Hay muchos intelectuales y artistas en nuestro medio que se mantienen agazapados o escondidos tras la coraza de la tortuga para no convertirse en víctimas del látigo del amo que los gobierna. Una crítica oímos del respetado intelectual Gustavo Adolfo Vargas, después largo silencio, para reaparecer con temas internacionales. Los temas nacionales desaparecieron de su agenda. Eso alimenta más a la fiera que se nutre de la savia de sus devotos y aplasta los destellos neuronales de independencia.

Rubén Darío tenía razón: “¡Quiera Dios que la juventud procure tomar ese camino- el del estudio desinteresado de las cosas del espíritu-en lugar de entretener la inteligencia, de una manera inútil, en cuestiones de política militante, que no producen más que fatales desavenencias y frutos dañinos y faltos de savia fecunda!”. (El Diario Nicaragüense, Granada, septiembre de 1884).

No sea éste un llamado a la indiferencia o a la enajenación, pero sí un llamado a no dejarse instrumentalizar y sobre todo no descuidar lo infinito y lo bello, lo verdaderamente absoluto.

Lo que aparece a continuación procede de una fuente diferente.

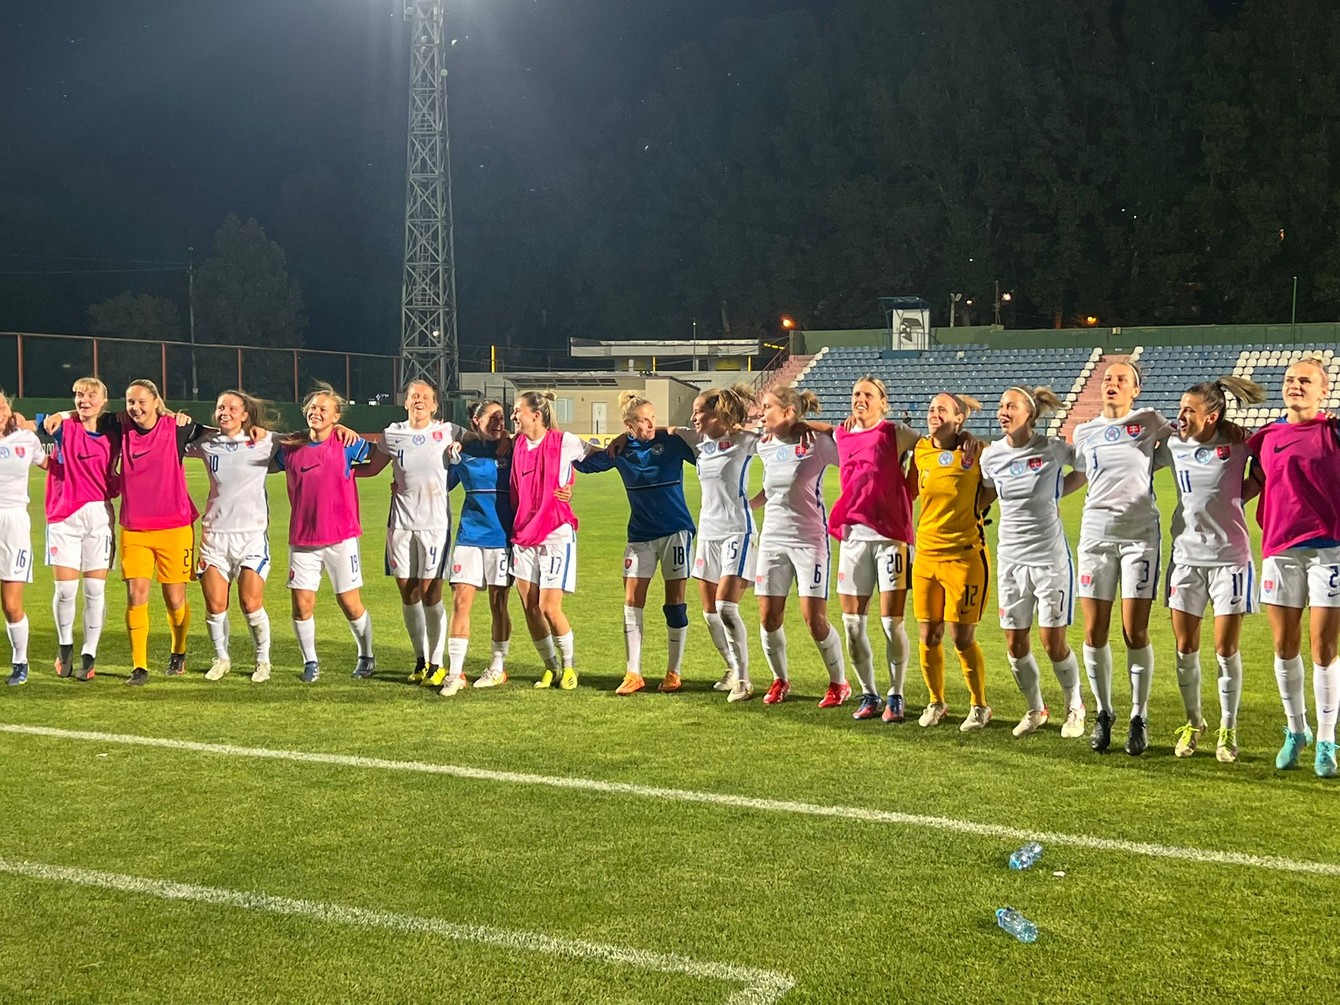 Ďakovačka slovenských reprezentantiek po kvalifikačnom víťazstve v Gruzínsku.
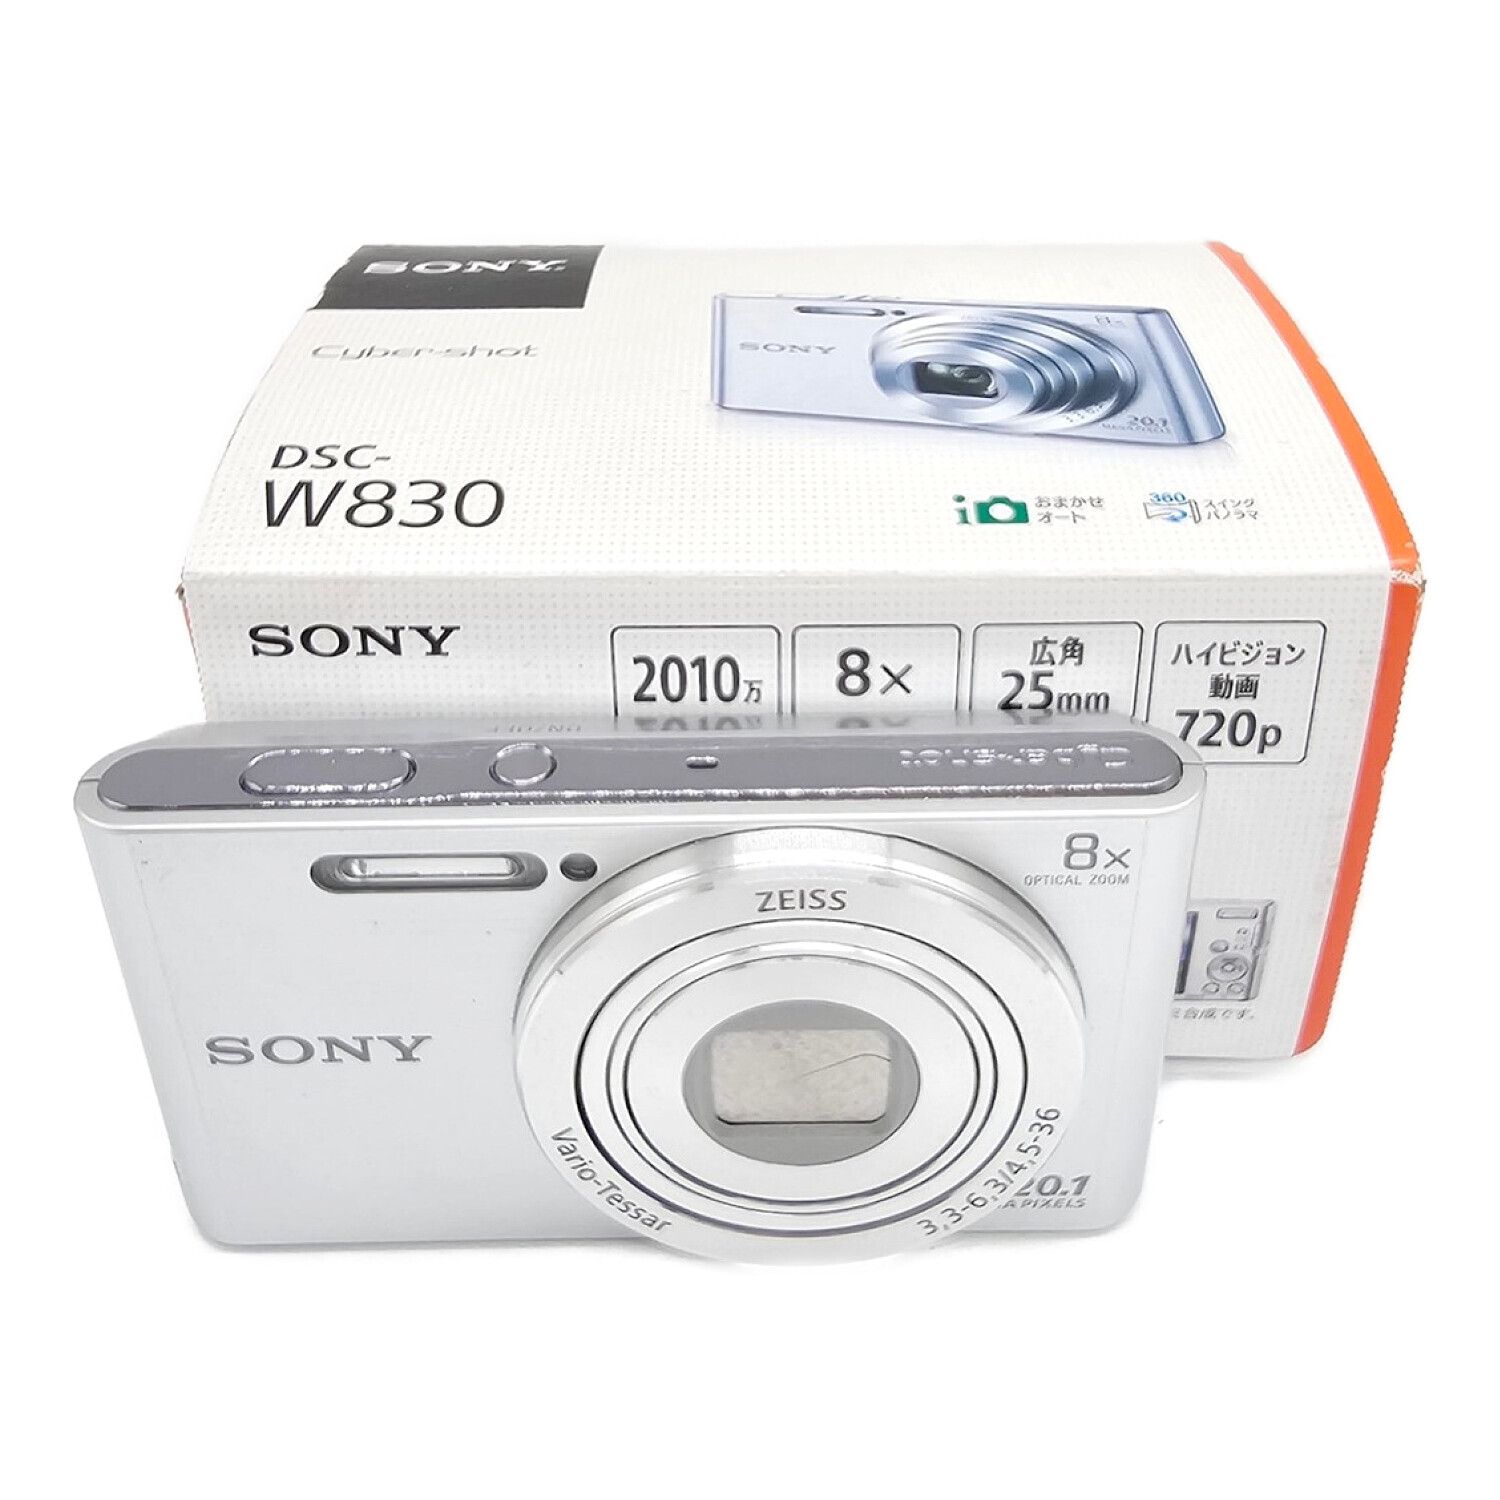 SONY (ソニー) コンパクトデジタルカメラ 17年発売モデル DSC-W830 ...

Lo otro es vanidad de vanidades.

Algunos hechos recientes traen consigo malos augurios. Cortarle oficialmente la luz a un show humorístico de Luis Enrique Calderón es un acto de cobardía. El humor también es arte y las risas que produce en tiempos de gripe porcina son un estimulante inmunológico. Un gobierno que le teme al humor es sospechoso. La cámara matizona que tanto cabaretizó a Doña Violeta Barrios en todas sus formas y posiciones nunca fue censurada ni directa ni indirectamente. Solo se ofende aquel que no conoce el carácter saludable de la risa. Al escritor Sergio Ramírez Mercado, se le cerraron las puertas del Alma Máter de León. Craso error. ¿Por qué no una discusión constructiva de masas grises? En vez del palo y la mordaza. En una marcha del 8 de agosto del presente año salieron unos cuantos garroteados y otros tantos apedreados. ¿Es ésa la cultura política y la civilización que se nos quiere imponer en el siglo XXI ?
El peor error que podemos cometer los nicaragüenses, sobre todo aquellos que tienen la posibilidad de expresarse en alto, es: callarnos, permitir el abuso y tolerar el arte cavernario de gobernar. Sin la existencia de un Juan Montalvo en Ecuador, que se opuso a cuanta dictadura se le cruzó por el camino, sin un José Martí en Cuba, sin un Simón Rodríguez alias “Samuel Robinson”, padre y maestro mágico de Simón Bolívar, sin un José Carlos Mariátegui en Perú, sin un Augusto César Sandino y un Carlos Fonseca Amador, hoy nuestra América cabalgaría errante en hombros de tiranos.

Simón Rodríguez escribía: “ Al que no sabe, cualquiera lo engaña. Al que no tiene, cualquiera lo compra”.